Obama is not naive and he is well aware of the difficulties and dilemmas he would face as president. Clinton believes she is already tried and tested. Either would have to govern in a turbulent and dangerous world. But both seem willing to practise conciliation, co-operation, multilateralism, working through the United Nations and other international institutions. Moreover the presence of either in the White House would reveal to the world a different, friendlier and more idealistic America.

It is possible the inspiration could soon evaporate if the Republican candidate for the presidency seeks to play on the fears of white Americans and those who do not want a woman as president. That party’s attack machine has a well-deserved reputation for its mendacity and ruthlessness. It can be guaranteed to go for Obama as a subversive threat to the American way of life and denigrate Clinton with an undertone of sexism and misogyny. It is going to be a long and hard road – whoever wins the Democratic nomination.

This is why November 2008 could go down as one of the most decisive contests in American history, comparable to 1860 when Abraham Lincoln was elected president, 1932 when Franklin Roosevelt won and 1980 when Ronald Reagan declared it was morning again in America and created the inequitable and divisive nation with which the Clintons and their New Democrats collaborated.

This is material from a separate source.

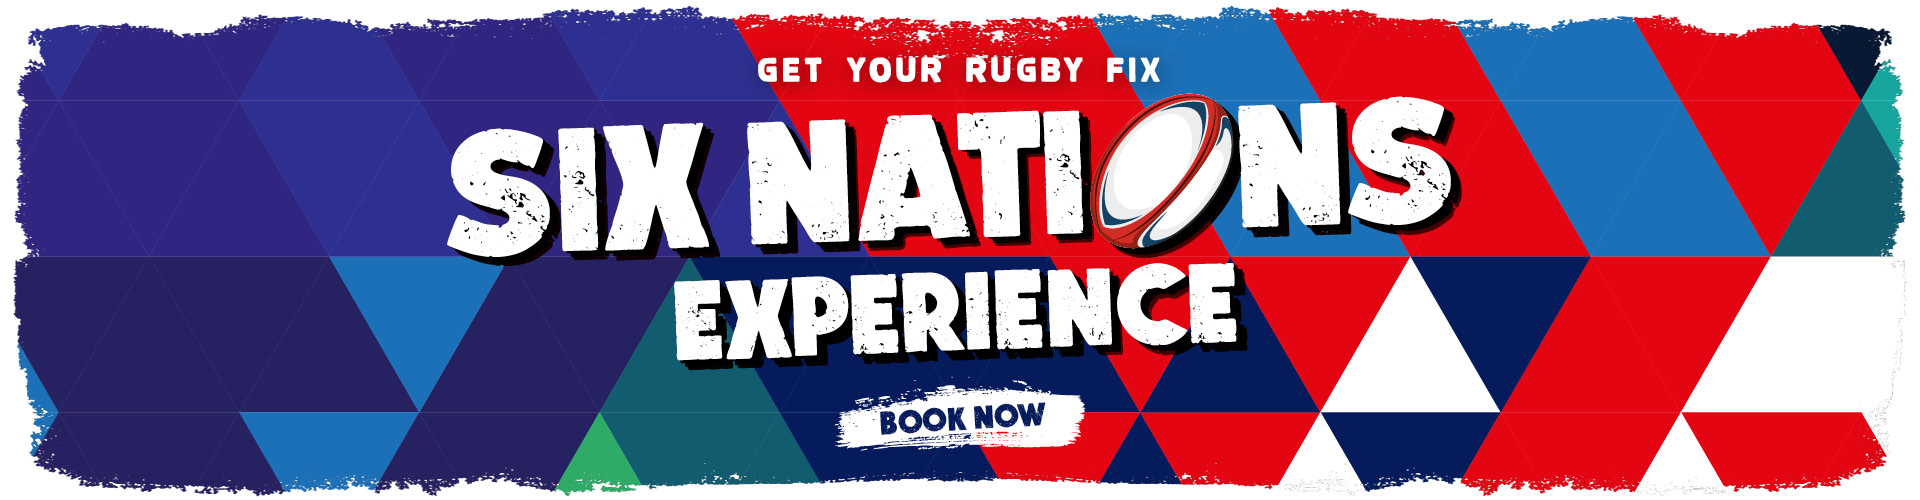 Get your rugby fix - Six Nations experience - Book no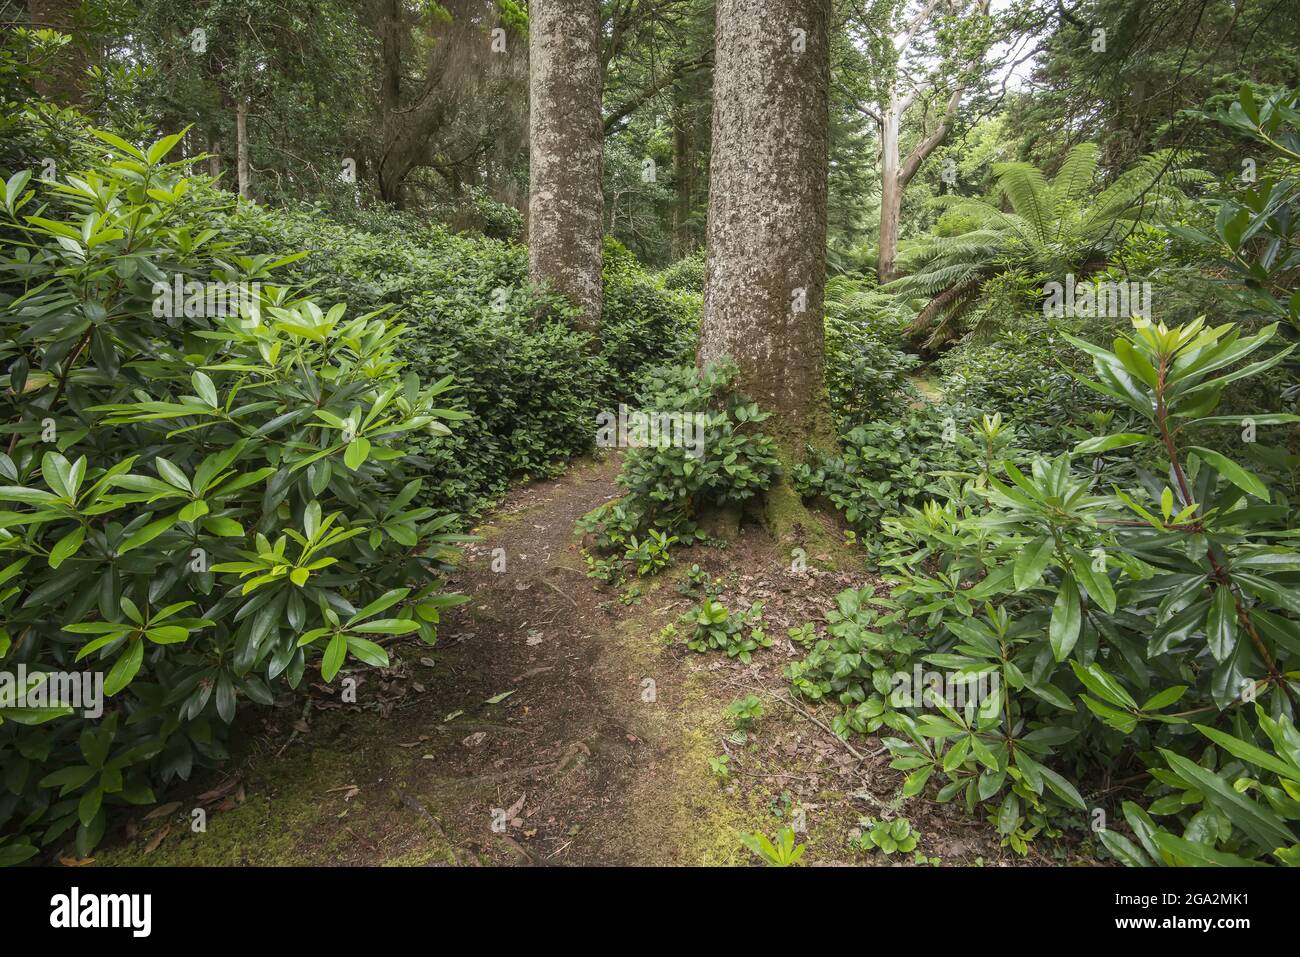 Pathway through rhododendrons, ferns and trees in the lush woodlands of the 19th Century Derreen Gardens (Gairdin Derreen) Stock Photo

But there remains one growing danger that no one – except Edwards – is talking about at the moment in the American primaries – the spectre of a severe economic recession. The avarice and recklessness of the financial elites is threatening to destabilise the economic system. The current promise of Clinton or Obama cannot be denied, but the grim economic and social realities of 2008 are going to test their resolve and that of their party in the months ahead – even if it makes November’s presidential election one that is for the Democrats to lose.